I live in CONNECTICUT. I work at a small family pet store and i recently took a mom and her babies home so that the little ones could get attention. they were brought in and this girl got pregnant. The male was not related! no worries guys, this was a mistake that doesn't happen often, if at all. SO the mom is here and her 10 babes. 7girls 3boys. i plan on keeping 2 males and i have someone asking about the last boy and a girl. I'd like for them to find homes with a same sex sibling or in a home with other ratties of the same sex. I plan on handling them and socializing them.

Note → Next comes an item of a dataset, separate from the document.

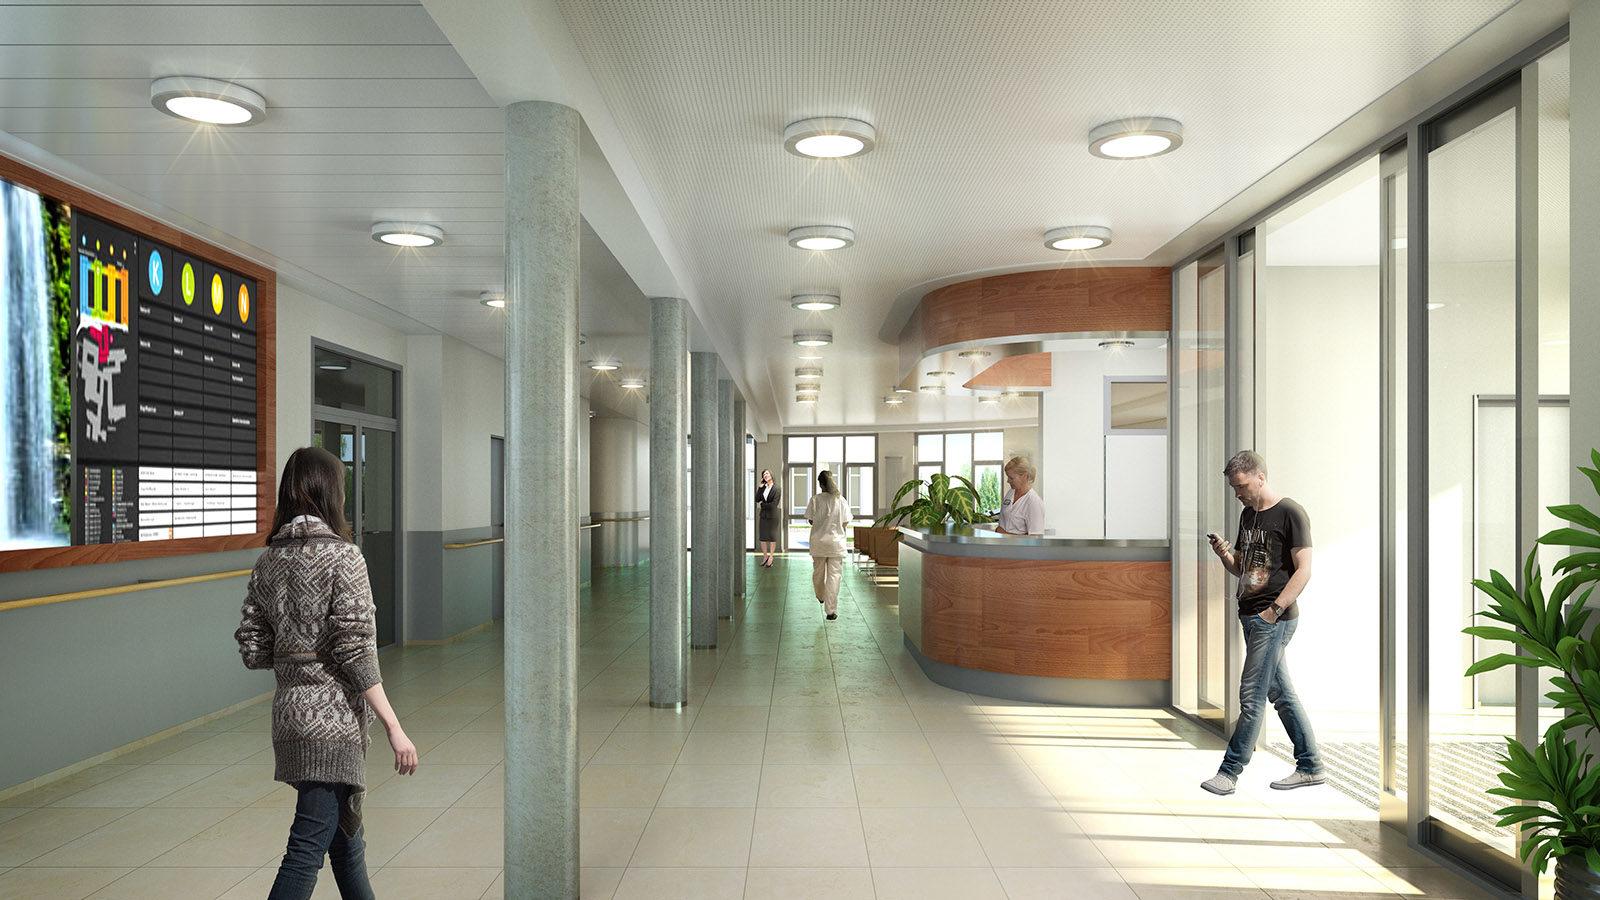 Krankenhaus Eingang - Architekturvisualisierung Innenraum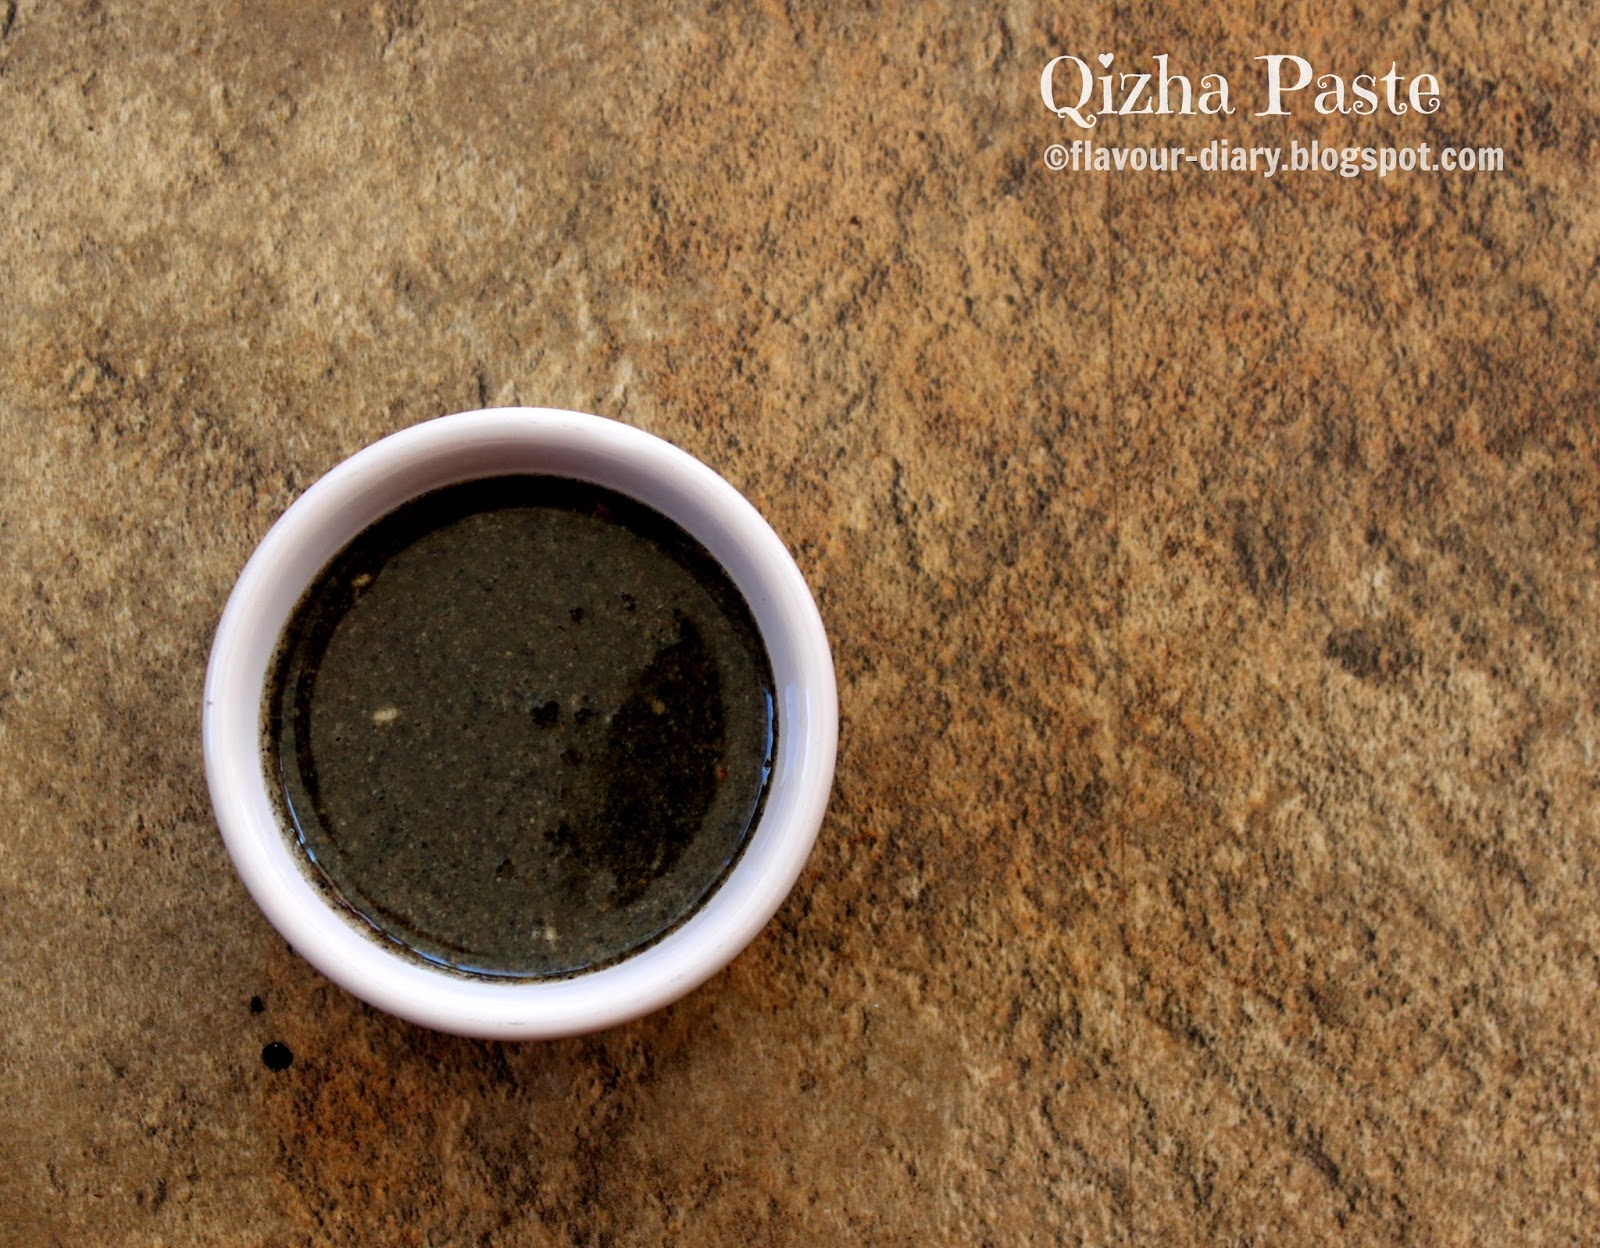 qizha paste black seed paste

They were only born 4 days ago and will be ready to find homes in 5 weeks or so. *ALSO * i do have 3 brothers i recived, hoping they'd get along with my boy i took home from where i work. THE BROTHERS are not getting ablong with my LOUIE. If someone is looking for an older group of ratties, the brothers are 10 months old, very sweet with people, but only one of them isnt AS agressive to louie, so even someone looking for just two of the brothers, they could be seperated.
just send an e-mail
[email protected]

THANKS
~Sarah

This is NOT an emergency for homing them. I can bring them back to where i work but would much rather find homes with people i can screen. , so i know the type of home they go into. I HOPE TO SPEND LOT OF TIME WITH THE BABIES!


----------



## tattered_teddy_bear (Apr 24, 2007)

Girls








BOYS








mama








Butterscotch, and Hugs&kisses

















M2 and Butterscotch


----------



## Stephanie (Mar 25, 2007)

*Re: MOM AND BABES!*

such gorgeous babies!!! it is awesome that you stepped up to take care of these little ones!! you rock Sarah!!!


----------



## fallinstar (Nov 26, 2006)

aww so cute


----------



## tattered_teddy_bear (Apr 24, 2007)

not only are they cute, they're sweethearts.... and the babes keep squeaking and im going to die from cooing over them. ^_^


----------



## Inesita (Feb 18, 2007)

Aw! They're all super cute!


----------